To allow for feature and classifier selection, the available dataset was divided into five equally-sized sets. Four sets were used for development, while one set was kept aside for further model comparison and ensemble testing. The subsets were stratified for COVID status, severity outcome, age and sex.
The long-term prognosis prediction model was developed using part of the dataset described by Darcis et al. [26]. The aim was to create a model for predicting a patient’s likelihood to still experience symptoms at three months, plus or minus three weeks after the first positive RT-PCR test. Moreover, it was evaluated if the addition of other clinical data could improve the performance of this task.
For 149 patients, the CT and three-month follow-up data were available.
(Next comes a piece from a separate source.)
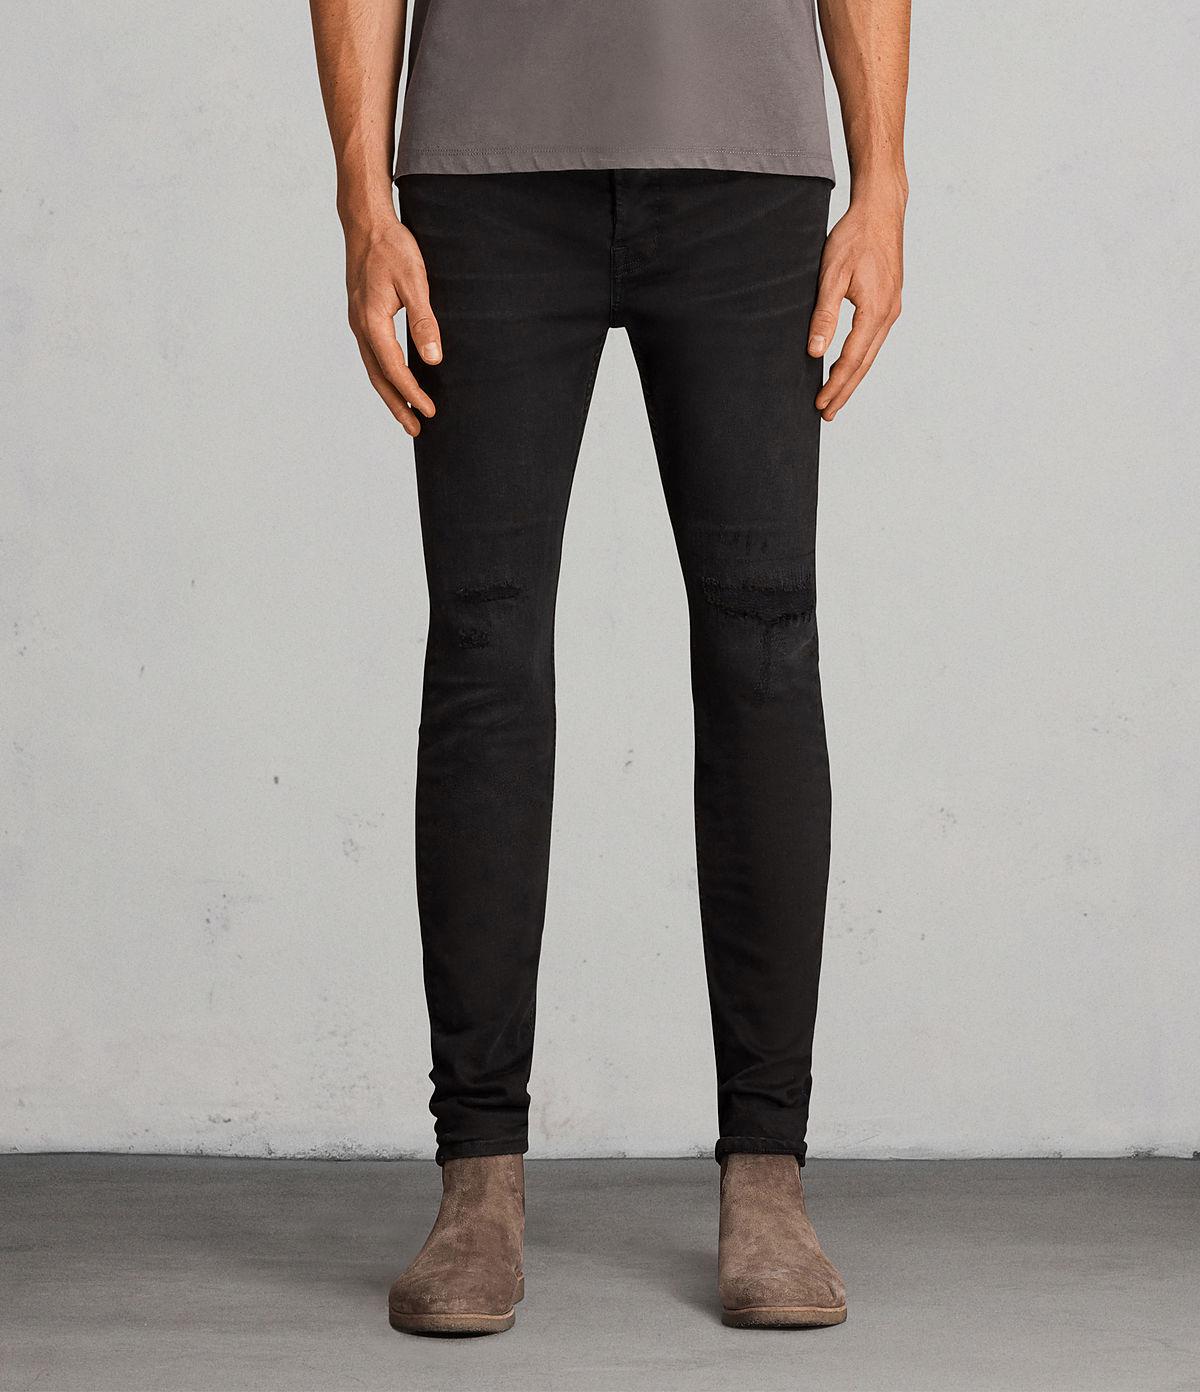 bixby-cigarette-jeans
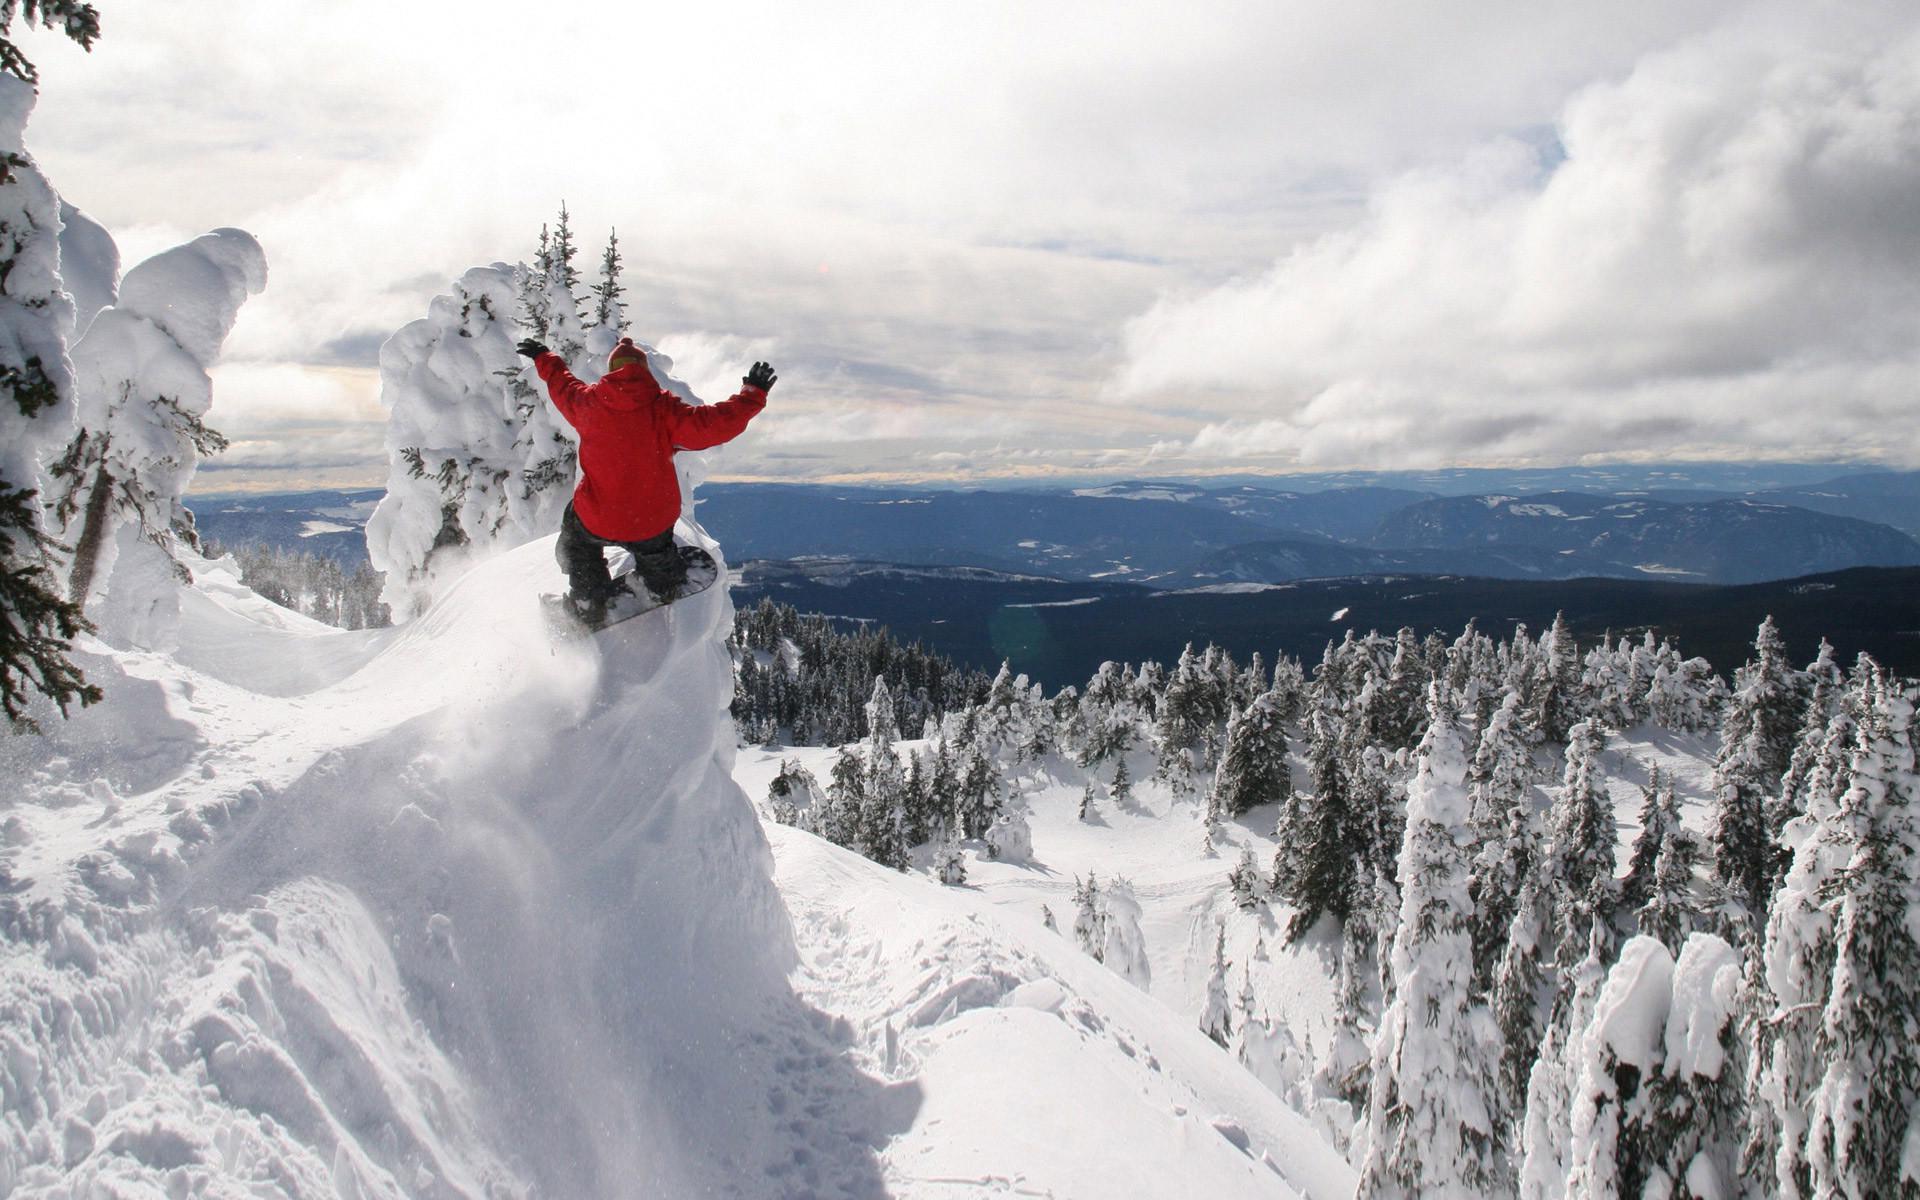 extreme-snowboarding-hd-widescreen—hd-free-wallpaper.

In this group, 43 were admitted to the ICU at some point and 102 still experienced one or more symptoms three months after recording the first symptom. The median number of days until the follow-up closest to three months was 96.5 [3.0–293.0]. Recorded comorbidities included: chronic renal failure (13), diabetes (52), arterial hypertension (82), dyspnea (53), severe pathology (41), chronic pneumoptology (24), immunosuppression (9), smoking (80), asthma (16), chronic obstructive bronchopneumonia (9) and active cancer (14). Collected biological data at discharge, summarised in Table 2, included: levels of C-reactive protein (CRP), creatinine, white blood cell, haemoglobin, lymphocytes, aspartate aminotransferase, alanine aminotransferase, creatinine kinase, D-dimer, ferritin and glomerular filtration rate. Missing data were replaced by the median taken over the remaining patients.
Dataset for external validation
A large, multicentric dataset was collected for external validation from three institutions: Centre Hospitalier Universitaire de Liège (CHUL, Liège, Belgium), Universitätsklinikum Heidelberg (UKHD, Heidelberg, Germany) and Universitair Ziekenhuis Brussel (UZB, Brussels, Belgium). For all patients, we collected the chest CT scan and corresponding acquisition date, the patient’s age, sex and the dates of intubation and/or death if applicable. At UZB, additional data were collected through a query of the registry of severe acute respiratory infections (SARI) [27]. The subset for which all required data were available comprised 982 cases from CHUL, 28 cases from UKHD and 308 subjects from UZB.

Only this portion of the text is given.